Friday, November 21, 2008


I can only blame myself for the things I'm about to bitch about, after all, I chose to go see the first showing of Twilight in my area at 11:59pm last night. The minute we arrived and picked our tickets up from the little machine (thank goodness for pre-ordering) I knew we were in trouble. The lot was full and tween's were EVERYWHERE.

Before I start, let me say, I enjoyed the movie. However, as far as films go - it's pretty weak. That's not saying I didn't like it, I did. The problem is, as my dear husband pointed out after I asked how he liked it - "uh, well - it's just a vampire love story. It's okay." Sometimes things just don't translate all that well to the screen (so the lion fell in love with the lamb - favorite line in the story, it made me cringe in the movie). Oh - Robert Pattinson is amazing here, he did an incredible job portraying Edward. It's too bad he's just become the poster boy for Bop magazine!

So without further ado, here is a rundown of what it's like to see Twilight at the first showing, among tweens that should be home in bed.

We get there and immediately notice the 'I Heart Edward' t-shirts, Bella and Edward Forever! stickers on shirts (worn by 20 year old young men no less) and people carrying copies of their Twilight books in hand. We wait to get into the last theater, watching in awe at the number of 8-10 year olds accompanying their very responsible parents, eventually getting our seats and settling in. I should also mention the very smart adolescent males out in force, attending in groups of 3-4, attempting to flesh them out some horny teenage girls looking for a real life Edward (sorry guys, hate to break it to you - you ain't him and you never will be to these girls!)

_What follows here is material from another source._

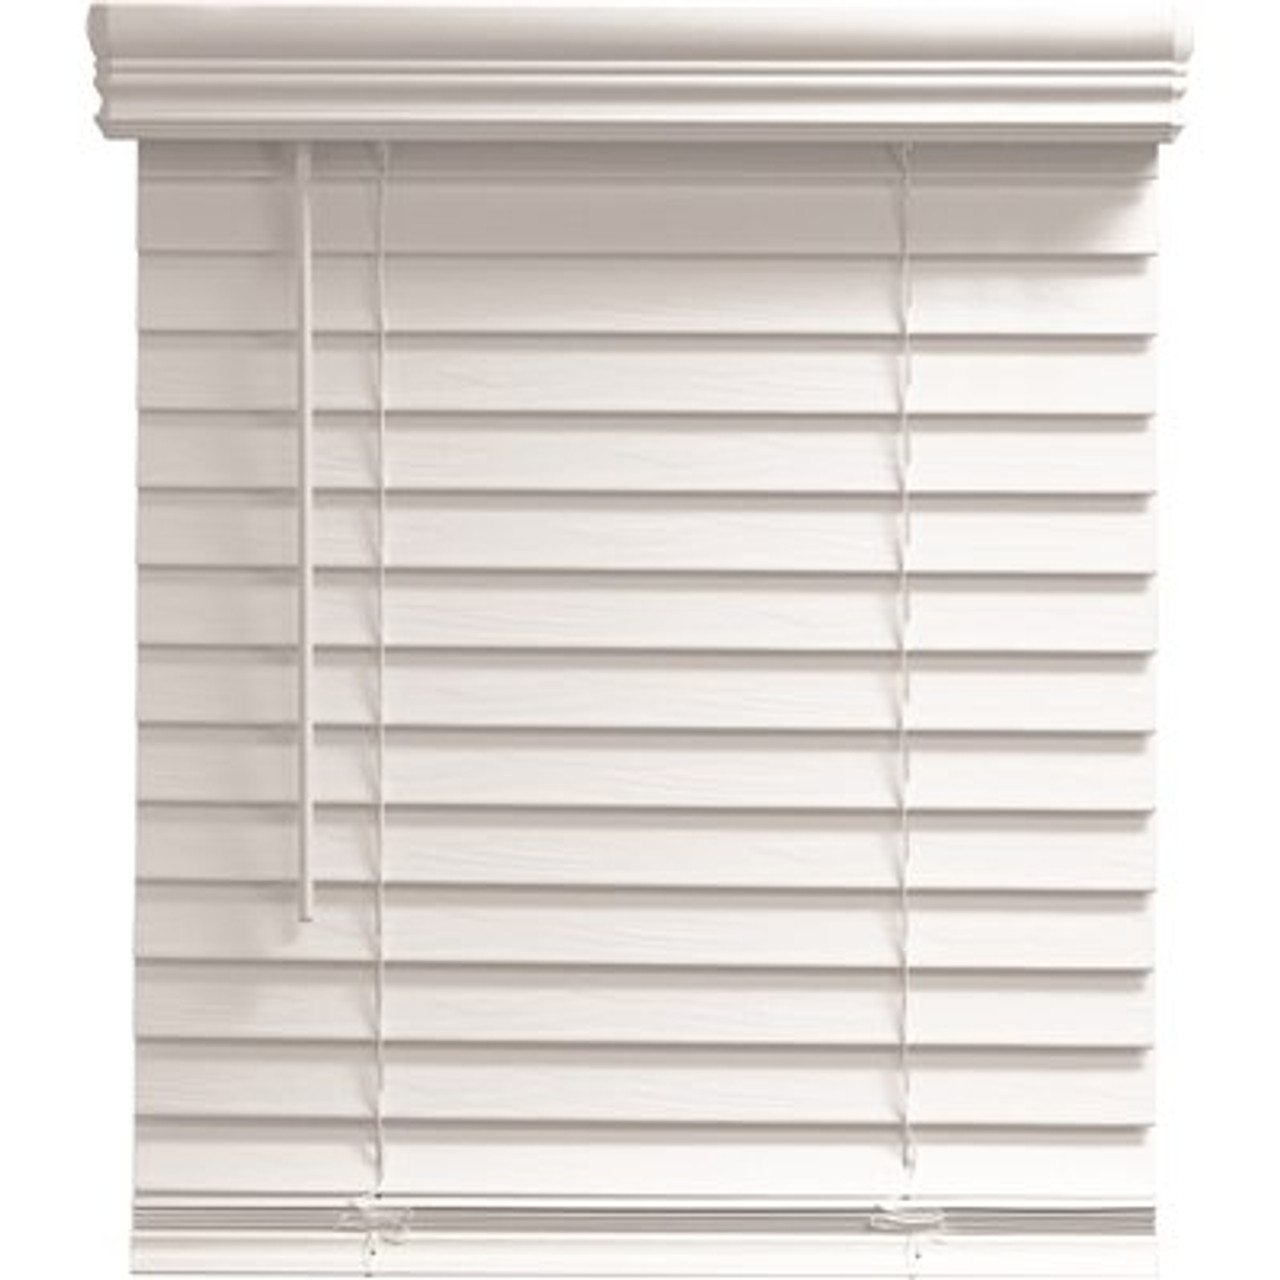 Champion TruTouch 29x72" Cordless 2" Faux Wood Blind White

We arrived early and during that hour we are subjected to a contest for Twilight buttons and pictures, during which time tweens lose their shit, screeching and fighting over pieces of metal and paper. Camera's came out, pictures were snapped left and right, the blubber and hubbub was incredible. People bickered over who was hotter, Edward or Jacob and girl's acted in the exact ways I hated in high school. (I just know I'm going to be cursed and Arwen or Annabel will act like a total airhead, saying things like "I'm totally hyped up dude!")

Eventually the dust settled and the movie started and things got really good!

The very second Edward glides into the background of the screen, the girls started to squeal, swooning so loudly Jimbo looks over at me with wide eyes screaming OMGWTF! (okay he didn't look exactly like that, more like 'are you serious?!') This continues for the rest of the show. Edward could have farted and the girls would faint (not joking either) and when he's around Bella, saying such sweet nothings, I heard many a virgins lose their proverbial cherry.

This morning I woke up tired (getting to bed at 2:45) and my first thought was - how many school absences are going to get marked down this morning and how many parents will lie for their children (and themselves) when the school calls to say Sue or Johnny didn't make it in to school this morning? My second thought was - I have to do this all over again since my Mother-in-Law wants to see it as well and I promised to go back with her.

Hopefully if we wait a week it won't be so bad - right? Who am I kidding, this ship is going down Titanic style. Complete with Leo worshipers and their Mothers. Bah!


Lawfrog said...

LOL! I love your description of the opening night. Alas, those poor teenage boys looking for hottie girls who are looking for there's a novel in and of itself.

When I went to see the Tour of Gymnastics Superstars here in Houston, I got Jonathan Horton's autograph and as he was walking away, several young teeny boppers swarmed him and then, when they went back to their seats, they were literally shaking and saying "OMG, he touched me!!"

Dear Lord, I hope I was never that stupid as a tween/teen.